Iceberg is a table format for large, slow-moving tabular data
Apache License 2.0
468 stars 59 forks source link

Reading Deltas via Metadata #48

Open omervk opened 5 years ago

omervk commented 5 years ago

(this is very similar in philosophy to #47 and it would be good to read that before this, same caveats applying)

A job that wants to read only new data since the last time it ran must understand what the high-water mark was and read new data from its source based on a predicate. For instance:

val newData = spark
  .read
  /* ... */
  .filter($"day" === "2018-08-05")

However, we can base our reads on the building-up of snapshots along time, so if our snapshots are S1, S2, S3 and S4 and the last snapshot we processed was S1, we can read the new data from S2, S3 and S4 and skip the filtering completely. This would essentially make our high-water mark metadata-based, rather than data-based.

This can be achieved using the low-level Iceberg API, but not using the Spark API, which would be a great addition to the project.
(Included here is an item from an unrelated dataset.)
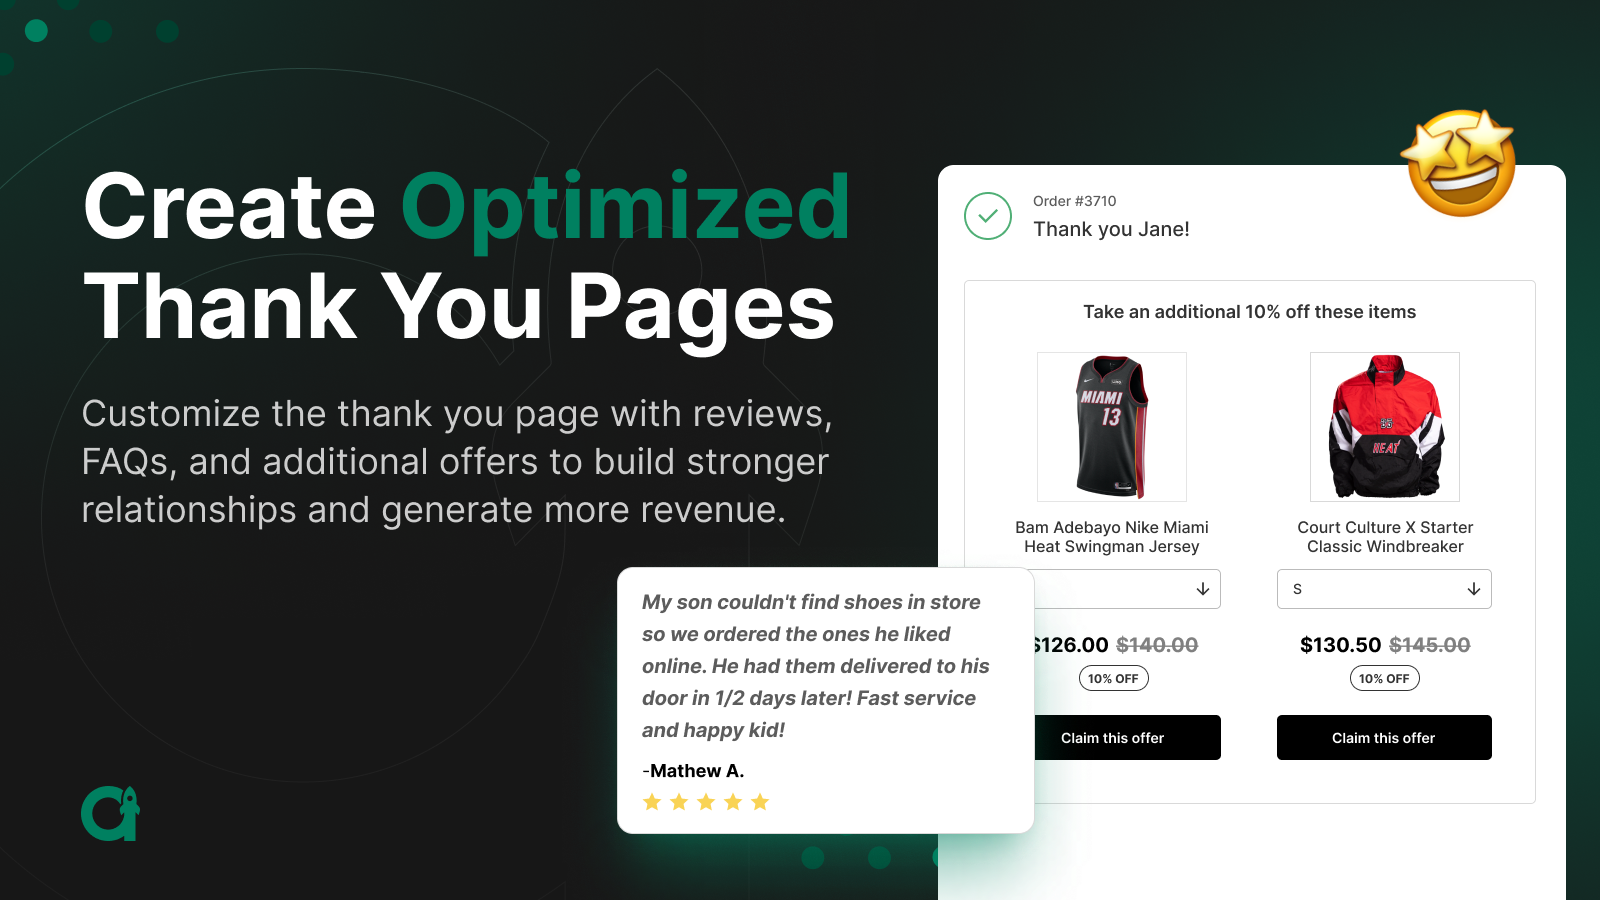 Create Optimized Thank You Pages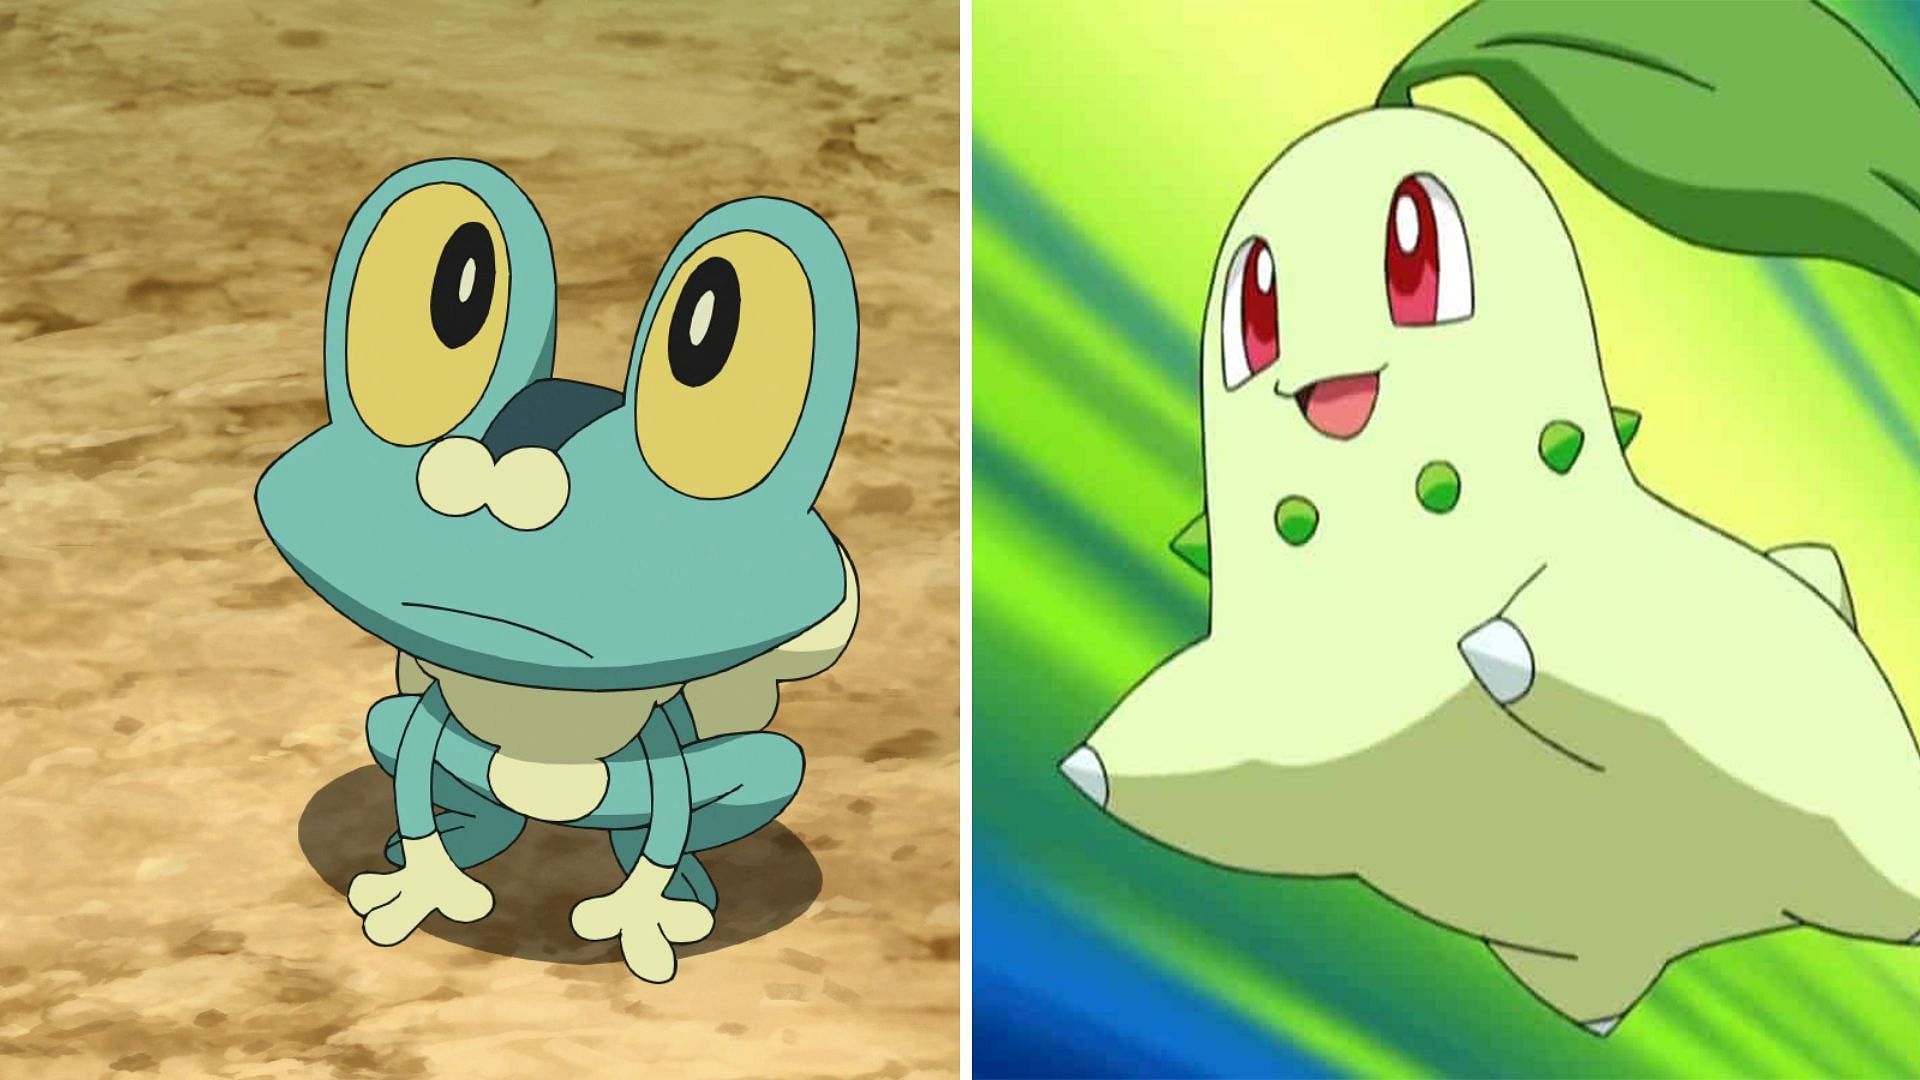 Froakie and Chikorita as two of the best starters (Image via The Pokemon Company)

Here's a sketch of how this API may look like:

spark
  .read
  .format("iceberg")
  .snapshots(2, 3, 4)
  .load(path)

Note: Specifying the list of snapshots would also let this API support other use cases, such as parallel-processing of snapshots, etc.

rdblue commented 5 years ago

This can be done fairly easily by adding key-value properties when reading with Spark. We plan to do this to implement AS OF SYSTEM TIME SQL statements as well. You'd pass extra information and in the IcebergSource, use it to customize the scan.

Scans don't currently support filtering by what is "new" in a snapshot (or multiple snapshots) but that should be easy to add by extending the TableScan interface and the underlying BaseTableScan implementation.